Step 3: Execution and Delivery
Once terms are accepted, agents execute the purchase:
- Purchase orders are sent
- Contracts are signed via smart-contract protocols
- Payment schedules adjust dynamically based on vendor performance
Then comes the logistics. But here’s the catch: if a courier doesn’t relay estimated time of arrival data through an API, it simply won’t be selected. Agents rely on transparency to function. They need reliable, real-time information to coordinate decisions and adjust plans as conditions change. In the agent economy, opacity isn’t just inconvenient. It disqualifies you. The system will route around it.
Agents keep tabs on deliveries by pulling in data from port feeds, carrier APIs, IoT sensors, and even the weather. If something’s running late, they can shift inventory from an alternate warehouse to keep things on track. If a storm is heading toward Chicago, they’ll test out alternate routes using digital twins to avoid disruption.
Step 4: Feedback & Learning:
After delivery, agents perform post-mortems:
- Did the supplier deliver on time?
- Were quality standards met?
- How did consumer sentiment shift?
Feedback loops help the system get smarter over time. They can change how suppliers are ranked, kick off new pricing discussions, or even retrain the negotiation models themselves. Starbucks’ agents actually learn how to make better decisions the next time around.
In a broader agentic network, these systems might start rating each other, building a kind of reputation system machines can read. A logistics agent that performs well in one ecosystem could earn priority status in another.
Strategic Implications for Business Leaders
This isn’t just a Starbucks story.
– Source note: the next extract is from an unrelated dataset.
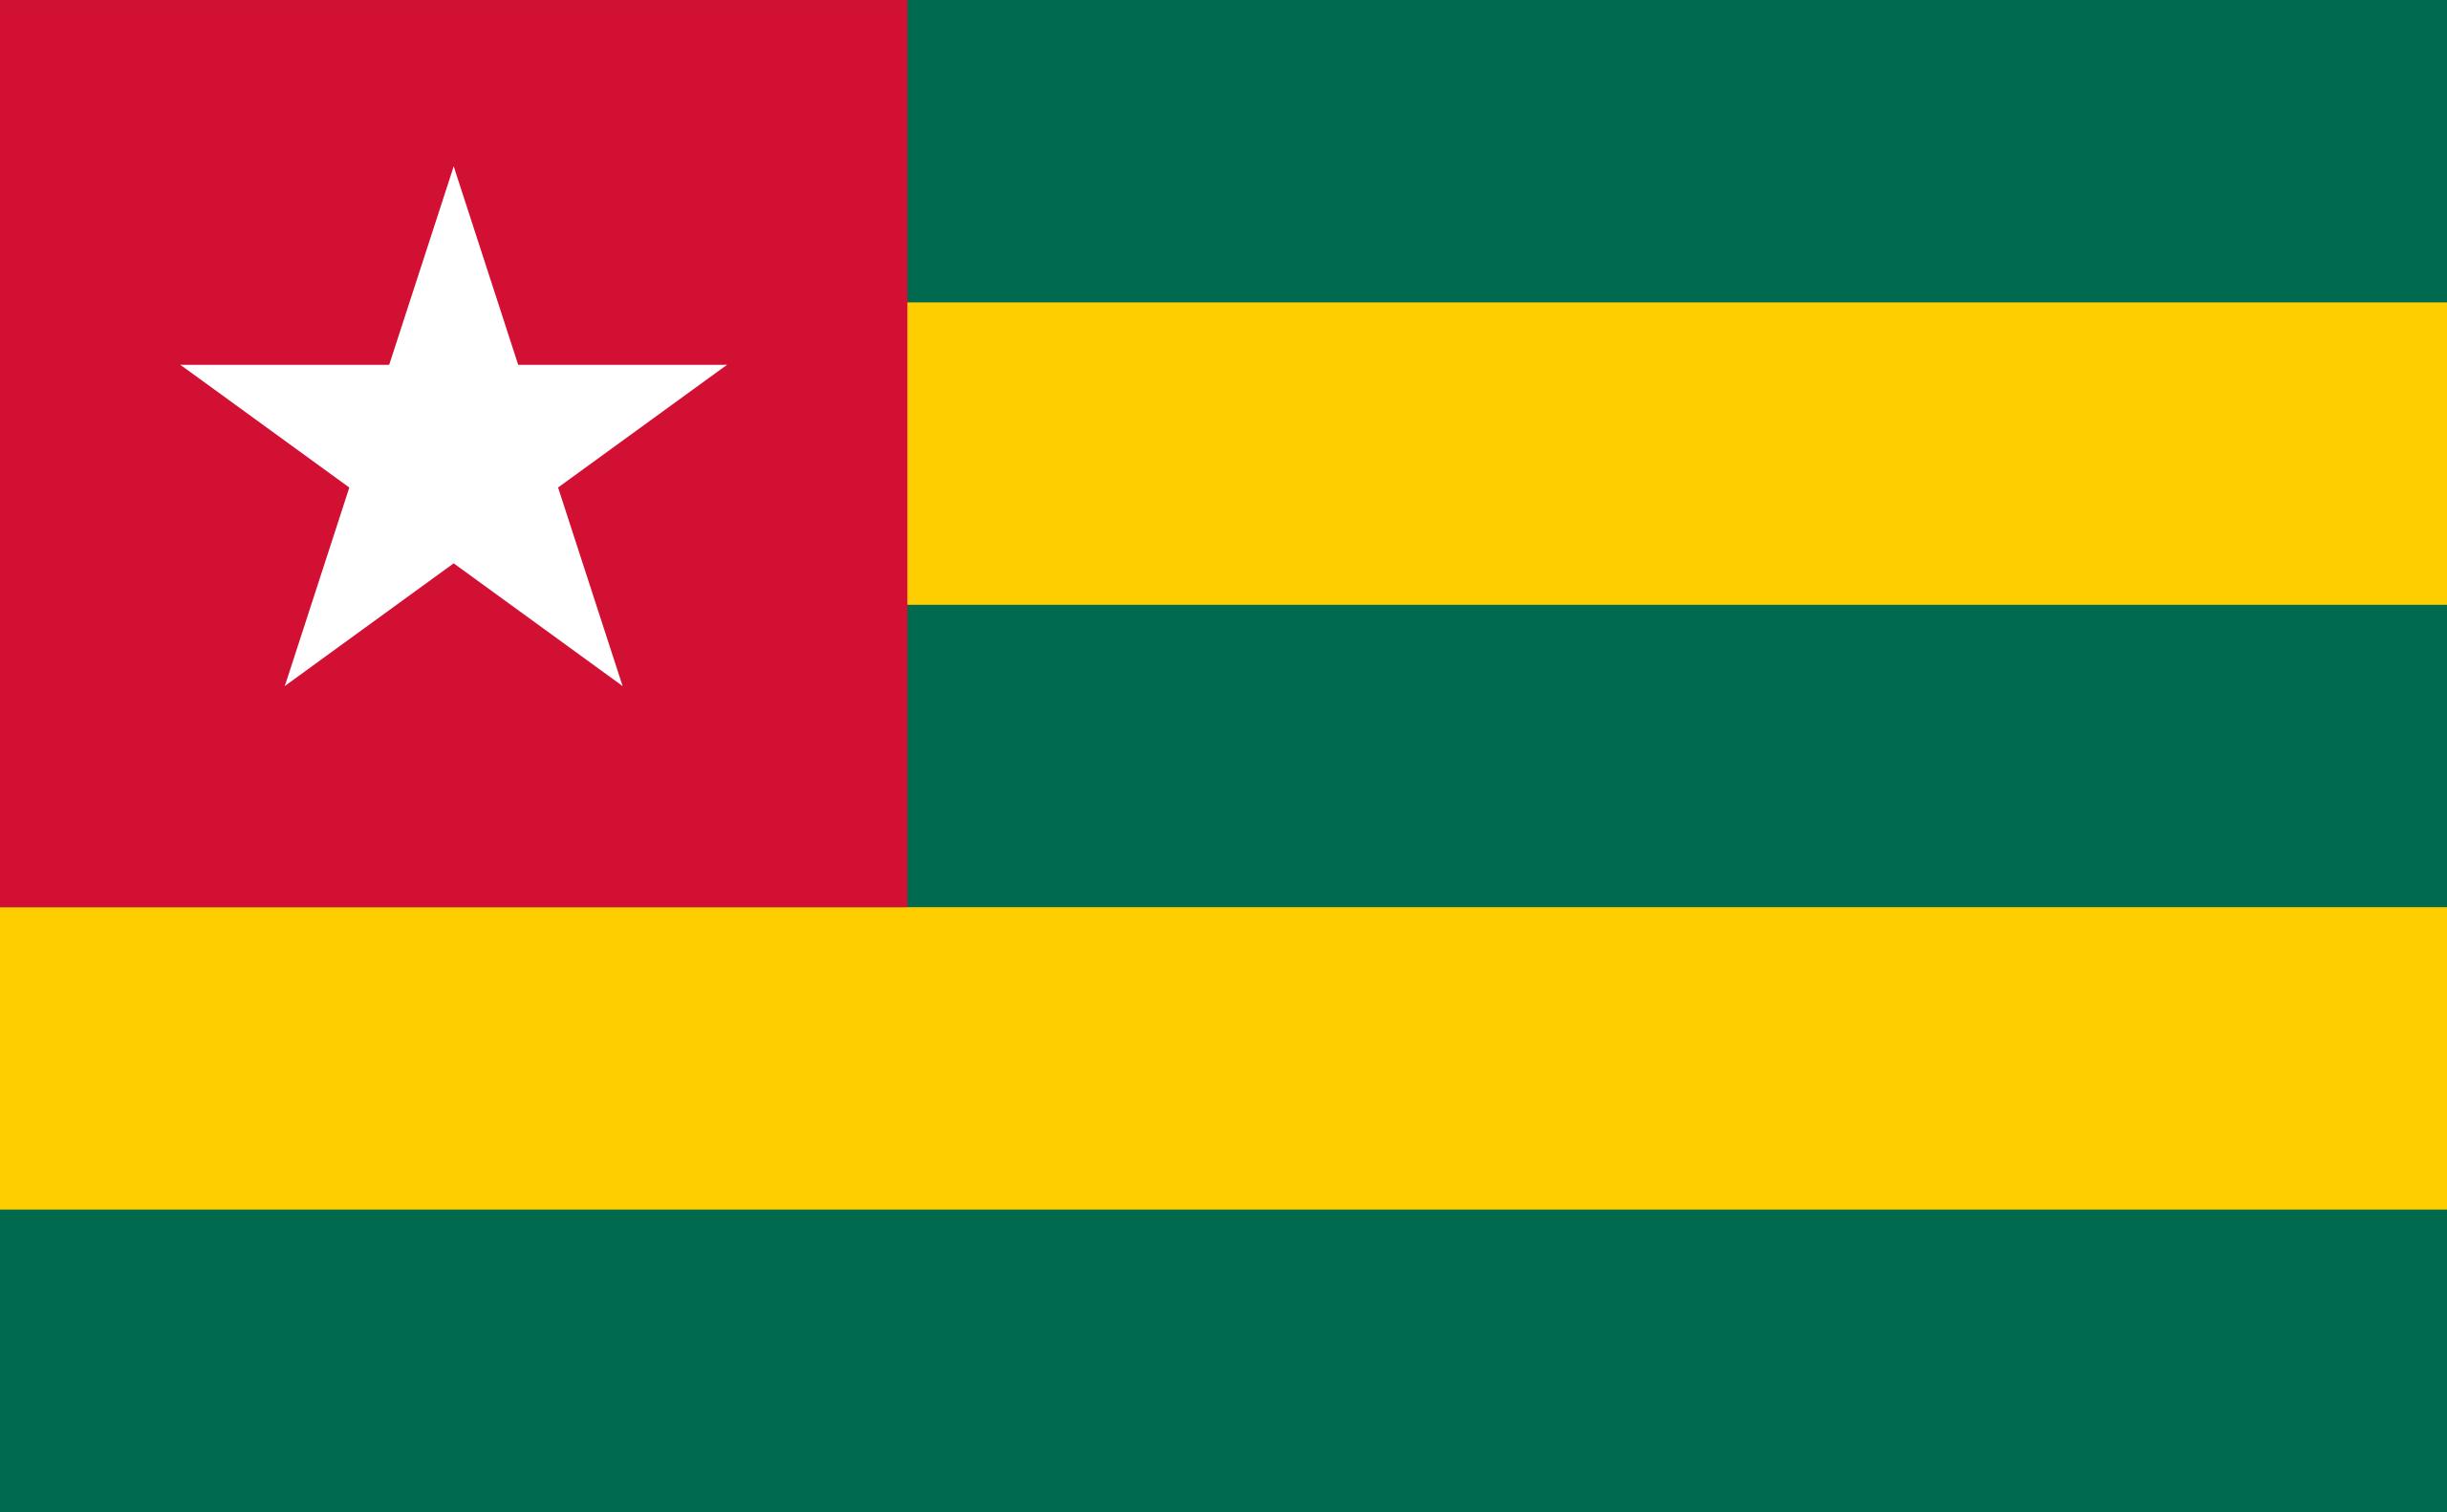 Togo veliava

Every company, especially those with sprawling supply chains, needs to start thinking about how they show up in a machine-mediated world. Agentic systems change the rules. They don’t wait for a quarterly review to optimize. They’re making decisions on the fly, in real time. That means your business needs to be ready for agents to see it, understand it, and trust it.
To participate in this new ecosystem, companies will need to add “agent surfaces” across their operations. That could mean installing IoT sensors in warehouses, using mobile apps that track demand signals, or deploying wearables that flag issues on the factory floor. These inputs allow agents to monitor what’s happening and decide on a course of action.
On these agent surfaces, metadata becomes critical. If your packaging specs or delivery performance aren’t structured in a way agents can understand, you won’t even make it into the shortlist. Imagine two suppliers. One offers verifiable sustainability and performance metrics through a clean API feed. The other sends a PDF. Which one would you select?
Agentic Buying is not just another feature or tech upgrade. It represents a shift in how commerce is coordinated. It creates a new layer of intelligence that spans the business, constantly observing, deciding, and acting. And in this new environment, success depends on whether agents can find you, trust your data, and choose you over the competition.